--- Given entries Enclosed Below ---
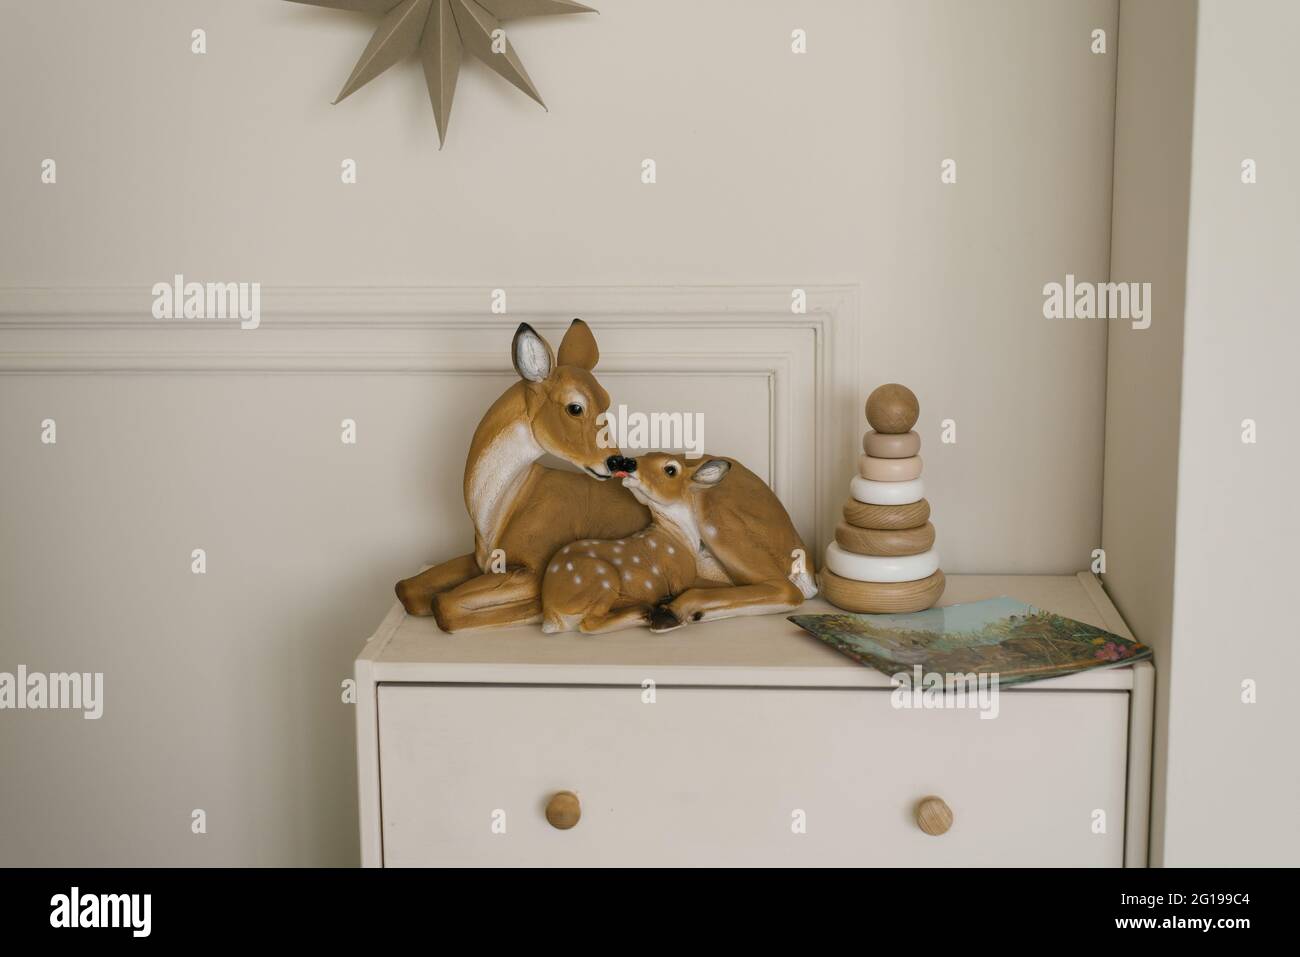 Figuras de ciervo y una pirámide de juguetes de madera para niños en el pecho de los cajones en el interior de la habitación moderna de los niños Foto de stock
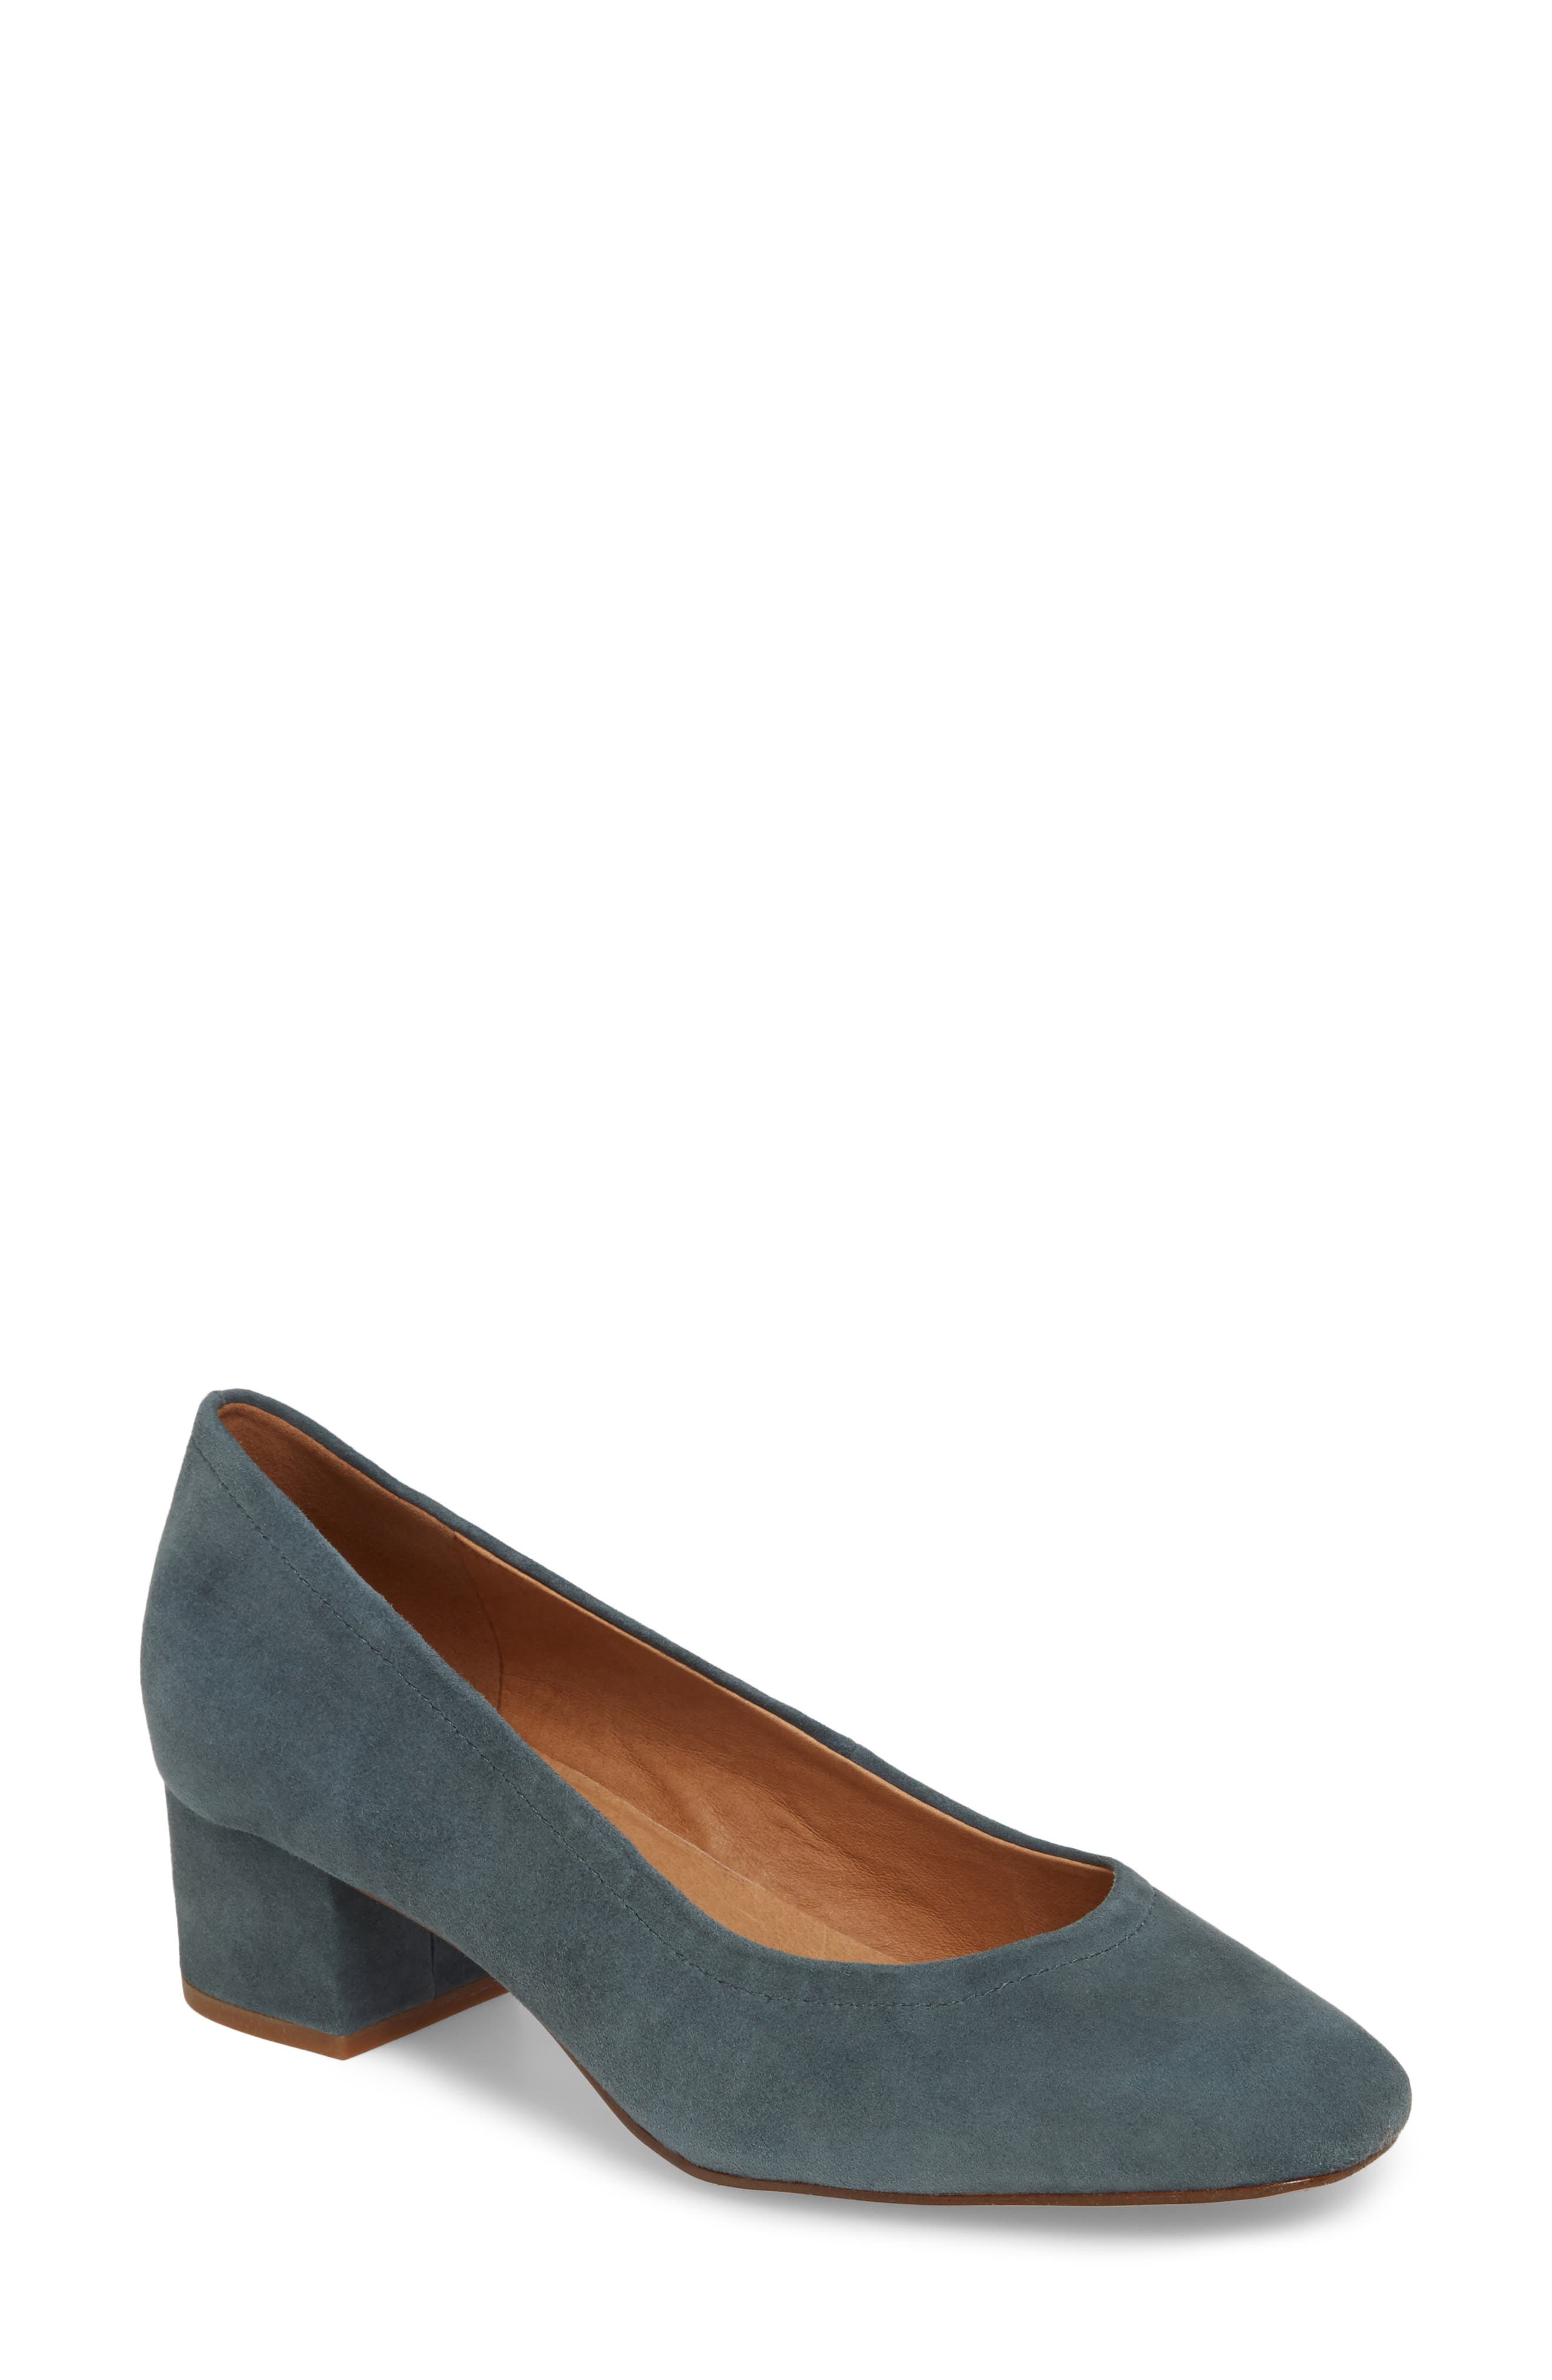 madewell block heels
--- End of Enclosed Given entries ---
--- Given entries Enclosed Below ---
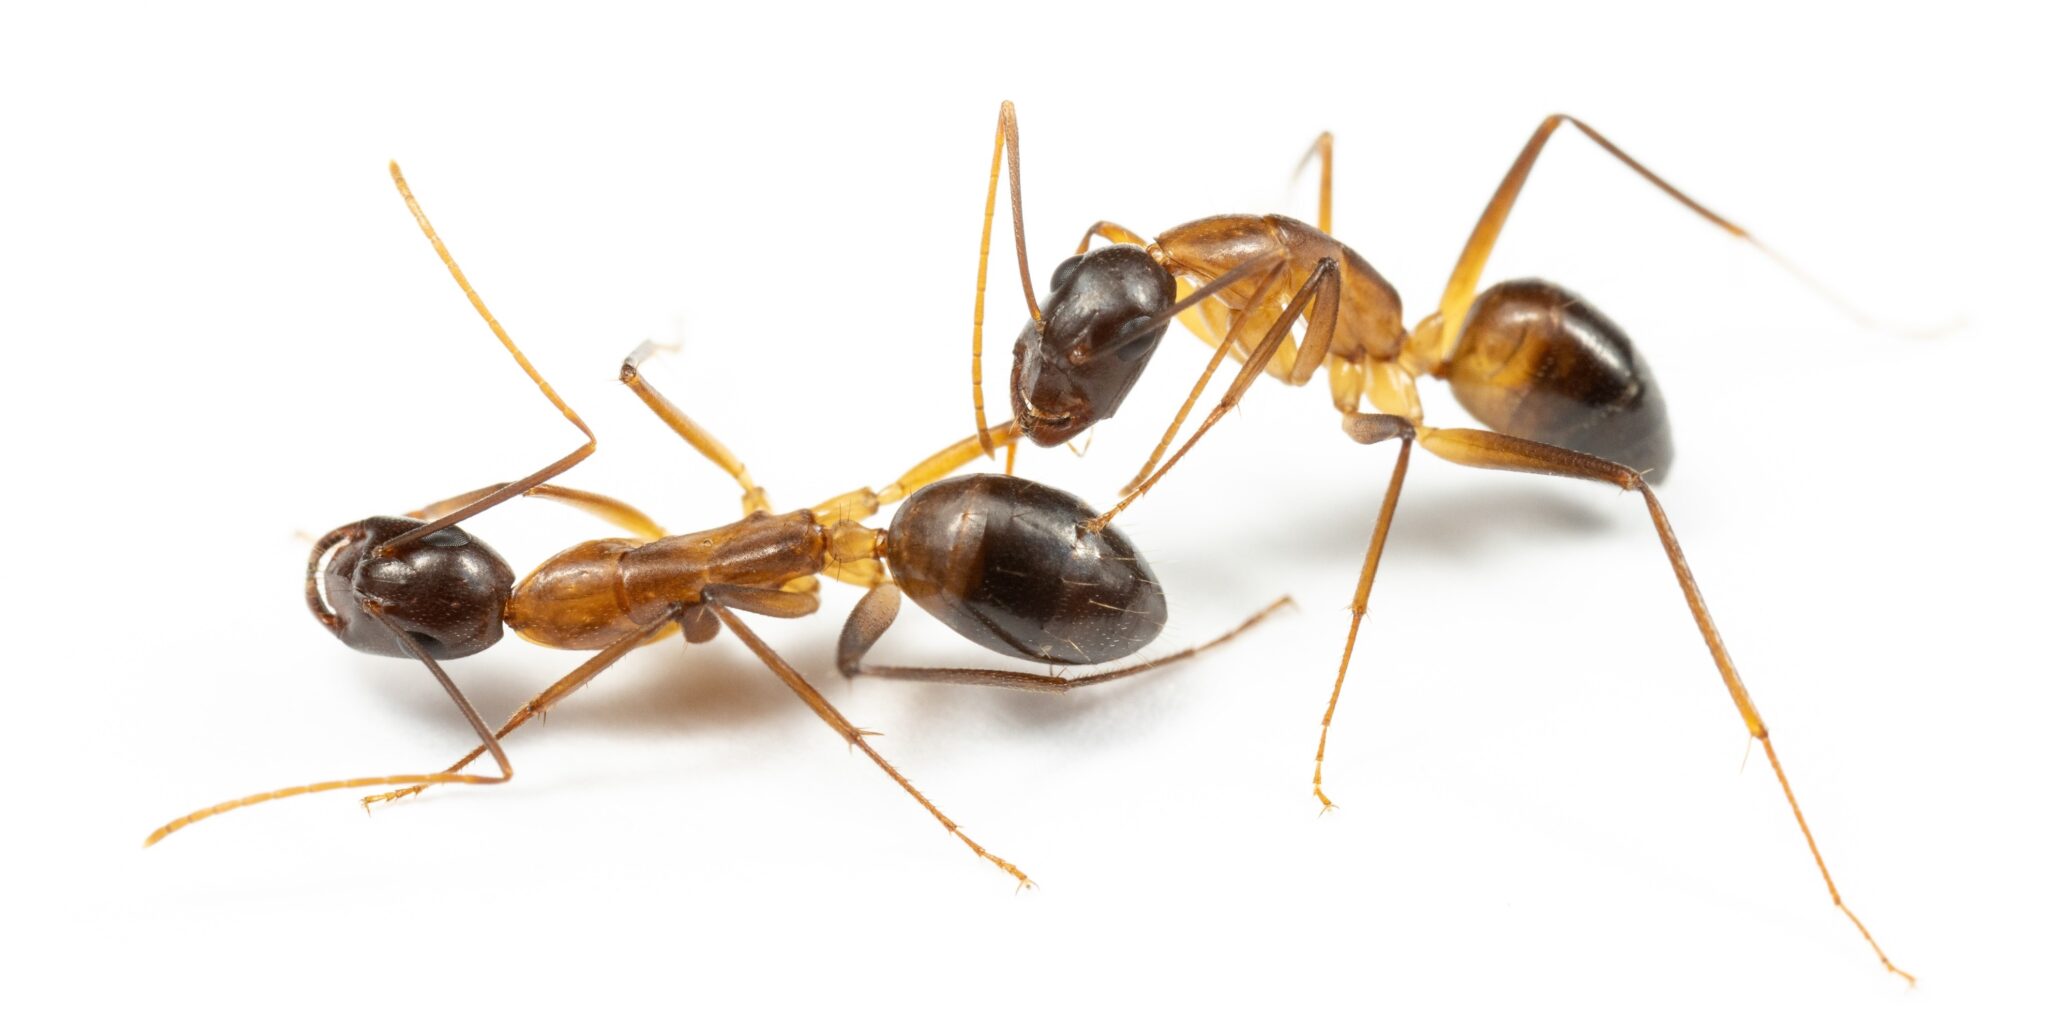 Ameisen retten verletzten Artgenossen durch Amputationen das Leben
--- End of Enclosed Given entries ---
§ Exercise goal
Starting at the line with "Figuras de ciervo" and finishing at the line with "madewell block heels", copy the material above exactly, both lines included. Nothing else goes in, and no pictures.

§ Answer section
 Figuras de ciervo y una pirámide de juguetes de madera para niños en el pecho de los cajones en el interior de la habitación moderna de los niños Foto de stock
 madewell block heels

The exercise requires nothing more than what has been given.